PROVIDED DATA: Begin

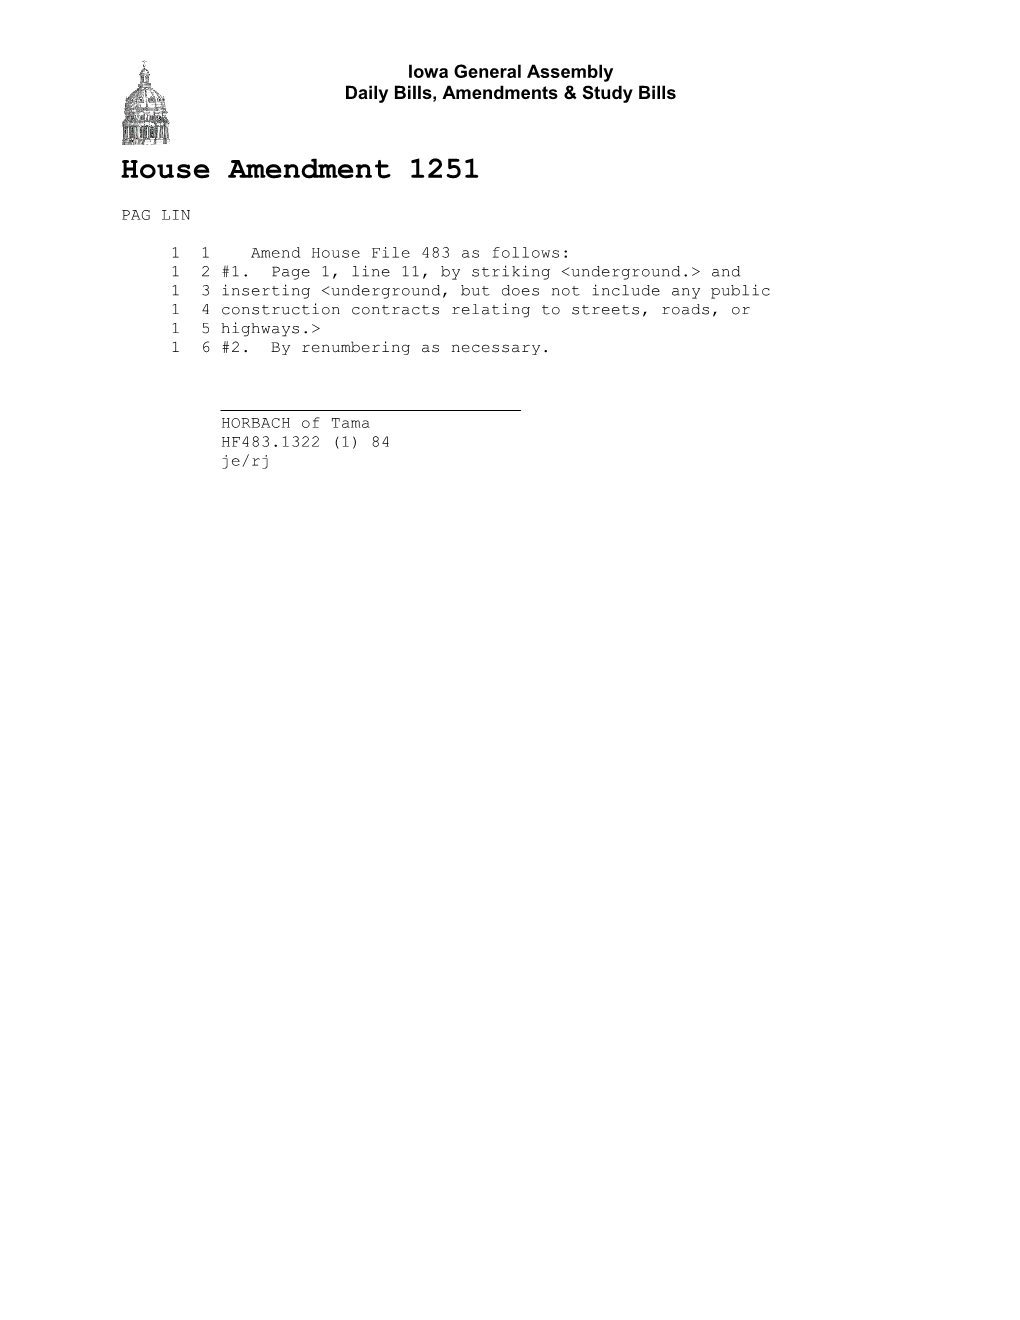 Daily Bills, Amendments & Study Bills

PROVIDED DATA: End
PROVIDED DATA: Begin

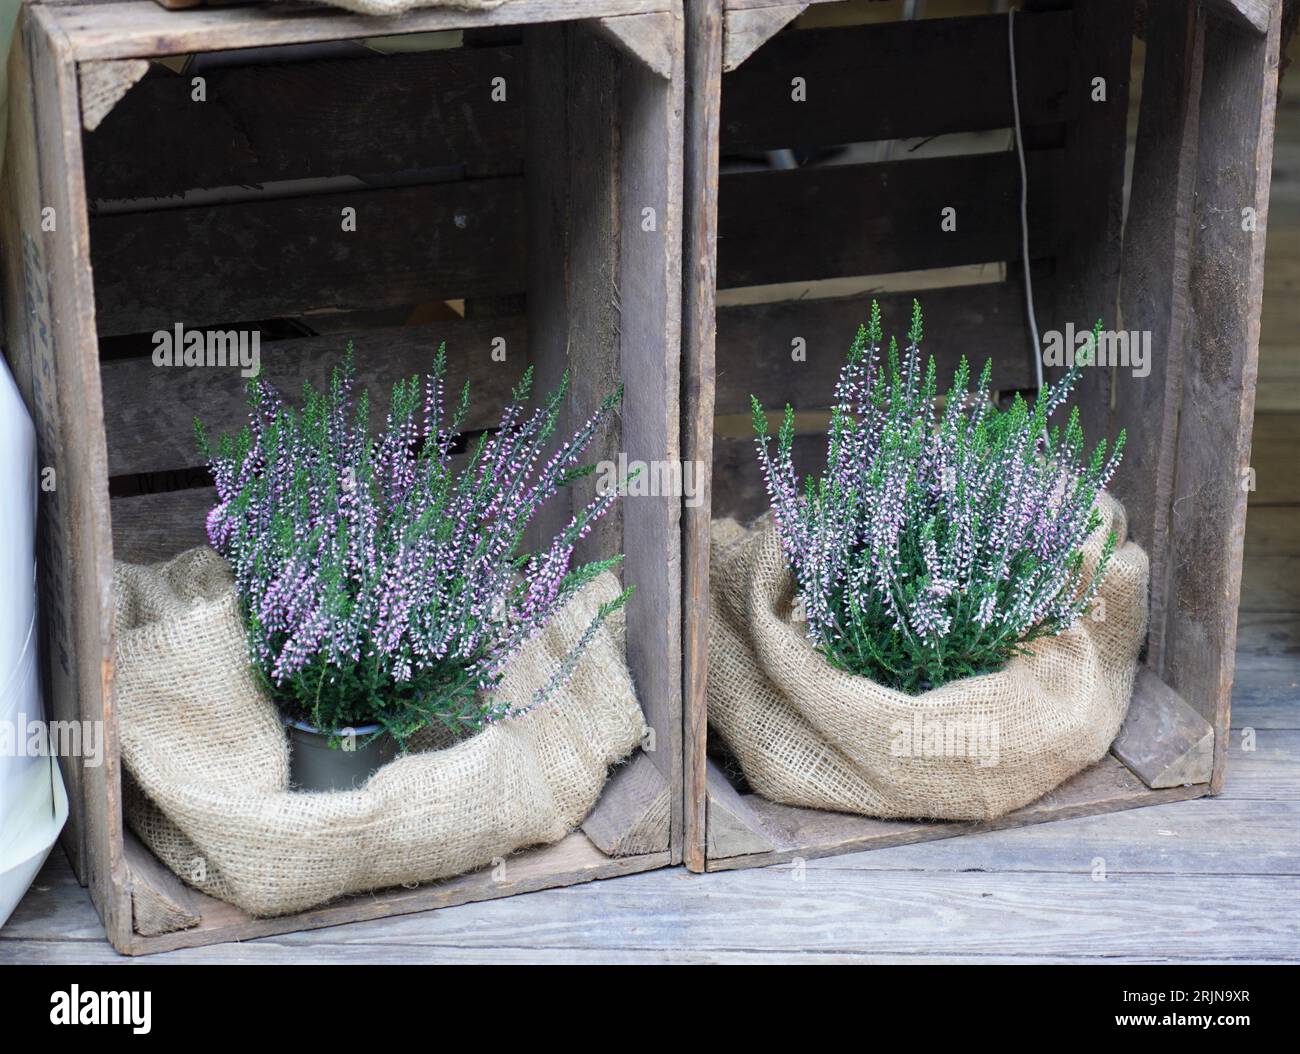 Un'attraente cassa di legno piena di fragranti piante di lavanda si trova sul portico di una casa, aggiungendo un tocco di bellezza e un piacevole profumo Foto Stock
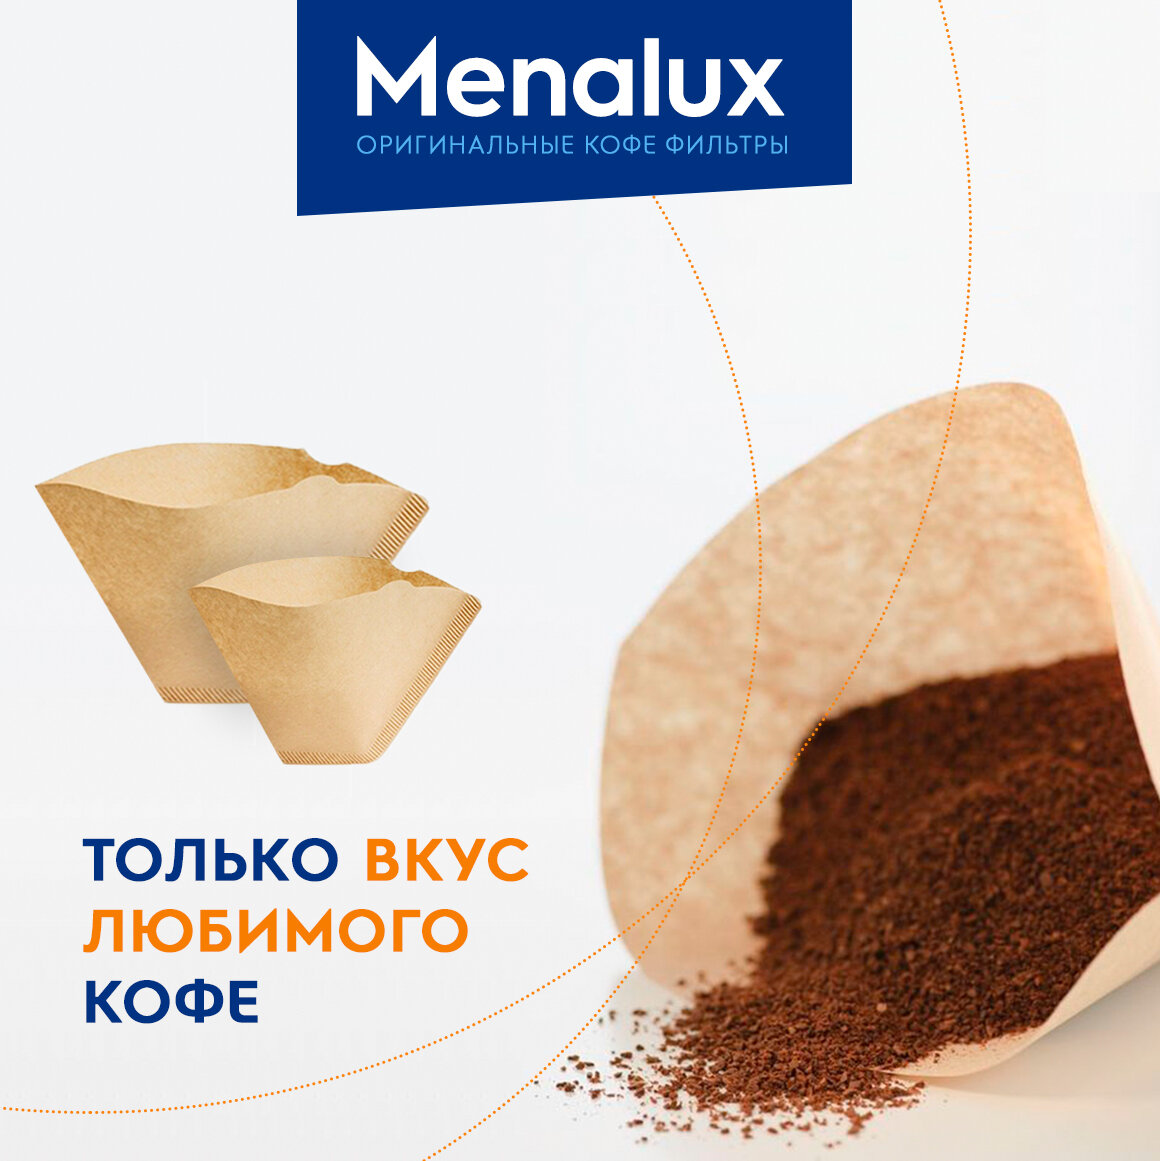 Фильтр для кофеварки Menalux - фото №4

PROVIDED DATA: End

== REQUIRED WORK ==
Nothing except the lines from the one containing "Un'attraente cassa di" through the one containing "Фильтр для кофеварки Menalux - фото №4" should appear in the answer, exactly as above and without pictures.

== RESPONSE TO THIS EXERCISE ==
 Un'attraente cassa di legno piena di fragranti piante di lavanda si trova sul portico di una casa, aggiungendo un tocco di bellezza e un piacevole profumo Foto Stock
 Фильтр для кофеварки Menalux - фото №4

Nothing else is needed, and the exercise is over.